Luke List claims first win in playoff at Farmers
Baton-twirling super-achievers were everywhere you looked at the Farmers Insurance Open.
There was world No. 1 Jon Rahm, in the hunt despite not really having his ‘A’ game, and former world No. 1 Jason Day spinning a sand wedge into the cup for eagle on 14, and PGA TOUR Rookie of the Year Will Zalatoris wowing us as usual despite sometimes succumbing to what CBS’s Nick Faldo called the putting “jiggly-wigglies.”
Then there was Luke List, 37, who was off by himself hitting balls. He’d shot 66 and had to wait nearly two hours to see if it was enough for a playoff, which somehow made sense for a guy who has made his living mostly out of the spotlight. Sometimes way out of the spotlight.
“Yeah, it’s a whirlwind,” List said after hitting his third shot to within inches on the first playoff hole, the par-5 18th, to beat Zalatoris as the sun melted over the Pacific. “Still a lot of emotions going through my head, but to get that first win is definitely a relief.”
With his first victory in his 206th career start, List moves to fourth in the FedExCup. It’s been a long and winding road.
The only non-swimmer in a family of collegiate superstars in the pool – parents, sisters – List chose golf. He is a big, broad-shouldered athlete who looks like he just wandered in off a baseball field, possessed of the kind of big game that is beyond the reach of mere mortals. But success was hardly assured. Sure enough, although he starred at Vanderbilt and finished runner-up in the 2004 U.S. Amateur, he had a glaring weaknesses, putting, that held him back as a pro.
At the outset of his career, in 2007, List made four PGA TOUR starts and missed the cut in all four. The next year he played in the European Tour’s Russian Open, which wasn’t going to make much noise Stateside even if he won, but he missed that cut, too.
His athleticism, and smaller victories, kept him going. He won on the Hooters Tour in ’09. He led the driving distance stat when he made it to the Korn Ferry Tour, where he won in 2012. He won again on that circuit at the 2020 Korn Ferry Challenge at TPC Sawgrass, beating Zalatoris, among others in the Return to Golf after a long pandemic break.
Oh, and List also made the FedExCup Playoffs the last six years running.
Still, doubt sometimes crept up on him. Was he ever going to have his moment on TOUR?
“You wonder if it’s ever going to be your turn,” he said.
When it was, Zalatoris missing his birdie attempt to extend the playoff – his ball veering left of the cup, just as his birdie try from the same line had at the end of regulation – List had done it.

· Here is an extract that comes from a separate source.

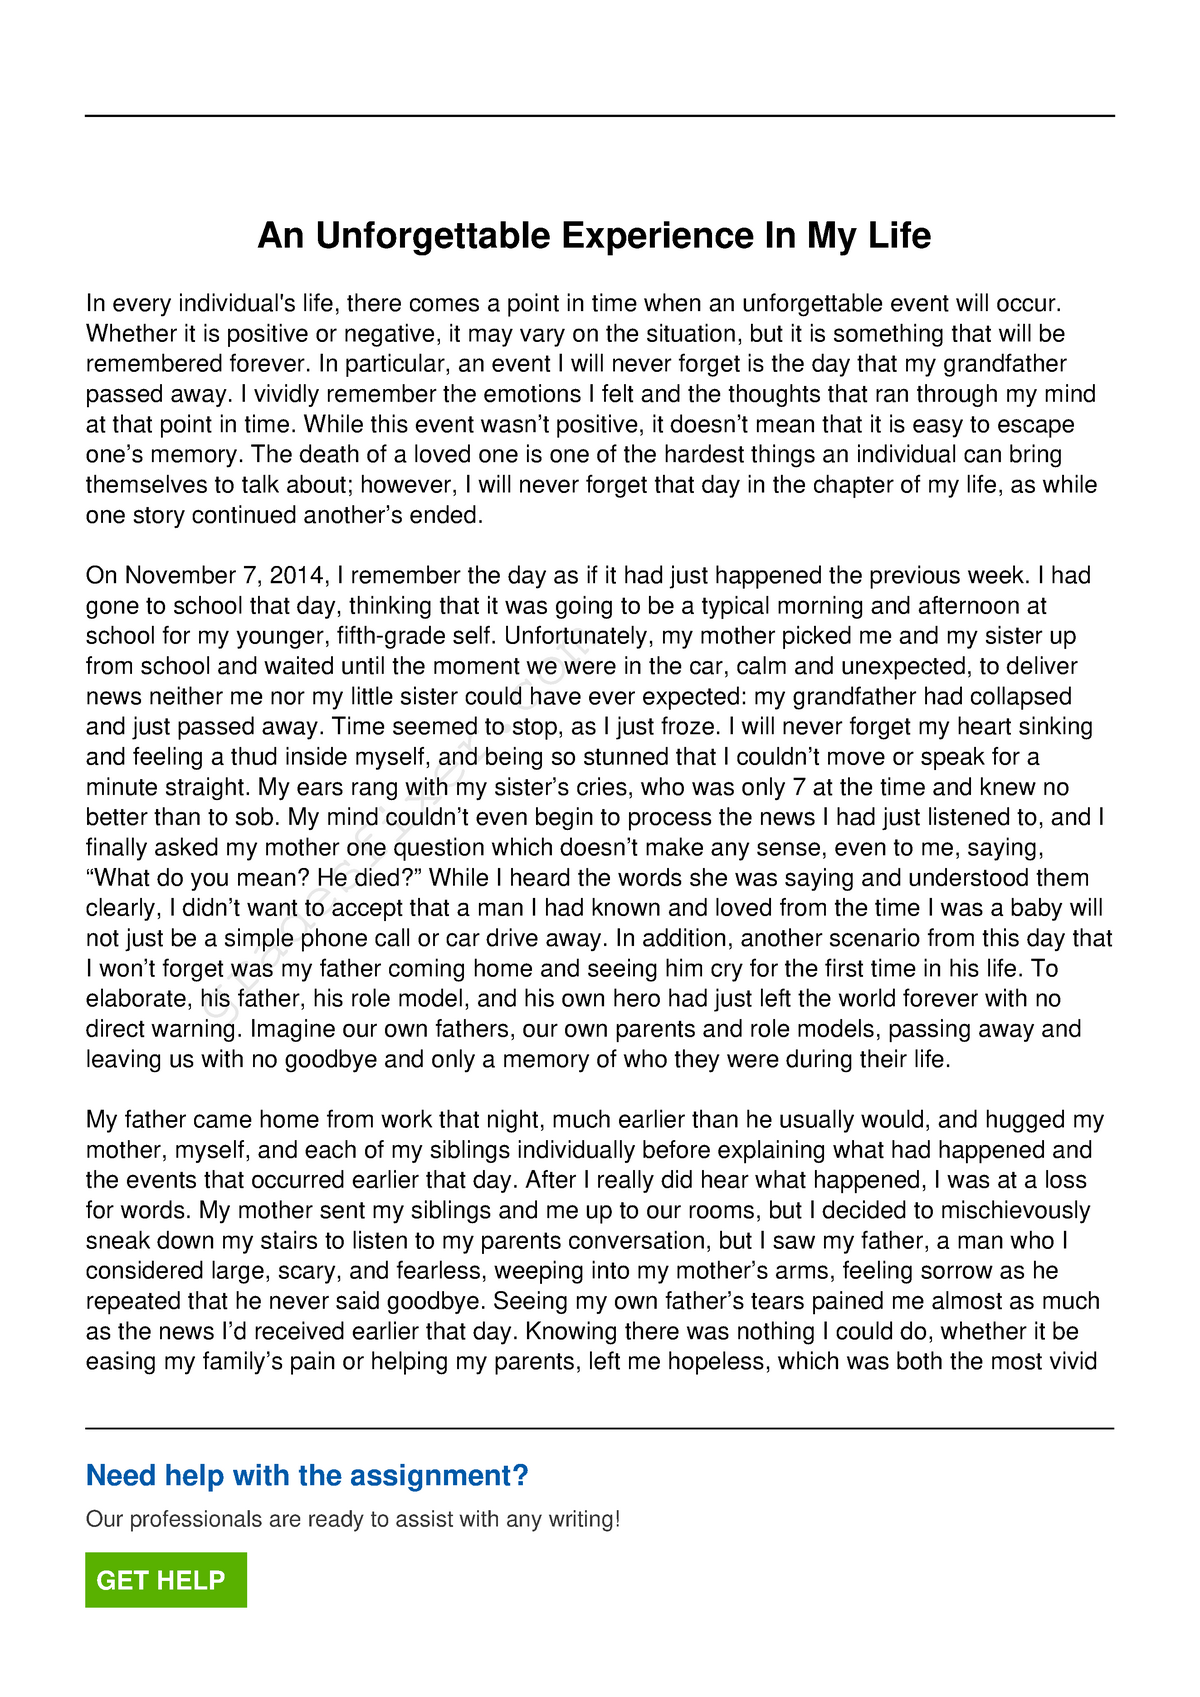 essay about unforgettable experience in my life

His wife, Chloe, 3-year-old daughter, Ryann, and 7-month-old son, Harrison, ran onto the green for a hard-won celebration that only the adults could fully appreciate.
“He won a trophy!” Chloe said, for Ryann has been obsessed with the idea of trophies. She saw one that looked nice at The RSM Classic, and, more importantly, they can hold a lot of candy.
“Yeah, she’s been talking about it for a while,” List said. “I don’t know when it first started.”
There will be those who say that List was bound to win because he’s too talented not to, but his flaw was evident. A superstar from the tee, he got progressively less super as he made his way to the green. He came into the week No. 5 in Strokes Gained: Off-the-Tee, but he ranked 208th in Strokes Gained: Putting. Last season he was 13th and 189th, respectively.
Something had to change, and List knew it.
“I hired a new putting coach in the offseason, Stephen Sweeney,” he said. “He’s down in Florida, phenomenal guy. We got together in December, and he was pretty much expecting me to have the worst stroke ever and yips. He got down there, he’s like, ‘Listen, you’re doing what you’re trying to do really well; it’s just not what you should be doing.’
“He opened up my eyes to the proper technique,” List continued, “and I worked my butt off.”
List led the field in Strokes Gained: Putting in the first round at the Farmers Insurance Open. That was new. In the final round, he made four straight front-nine birdies and again gained strokes on the field with his putter. The power hitter won it with his other scoring clubs, too. His holed sand shot on No. 12 set him up for a big finish, his curling, right-to-left birdie putt on No. 18 at the end of regulation.
And after a nearly two-hour range session while others battled on TV, List’s playoff pitching wedge to within inches won it with precious little daylight remaining. He could have sneezed the ball into the hole, which was almost too bad, because while everyone has been focused on Rahm and Patrick Cantlay – with whom List shares a coach, Jamie Mulligan – and the others, List has quietly become an OK putter. He’s quietly done a lot of things.
But that ends now. At long last, Luke List is making serious noise on TOUR, and with much more than his tee shots.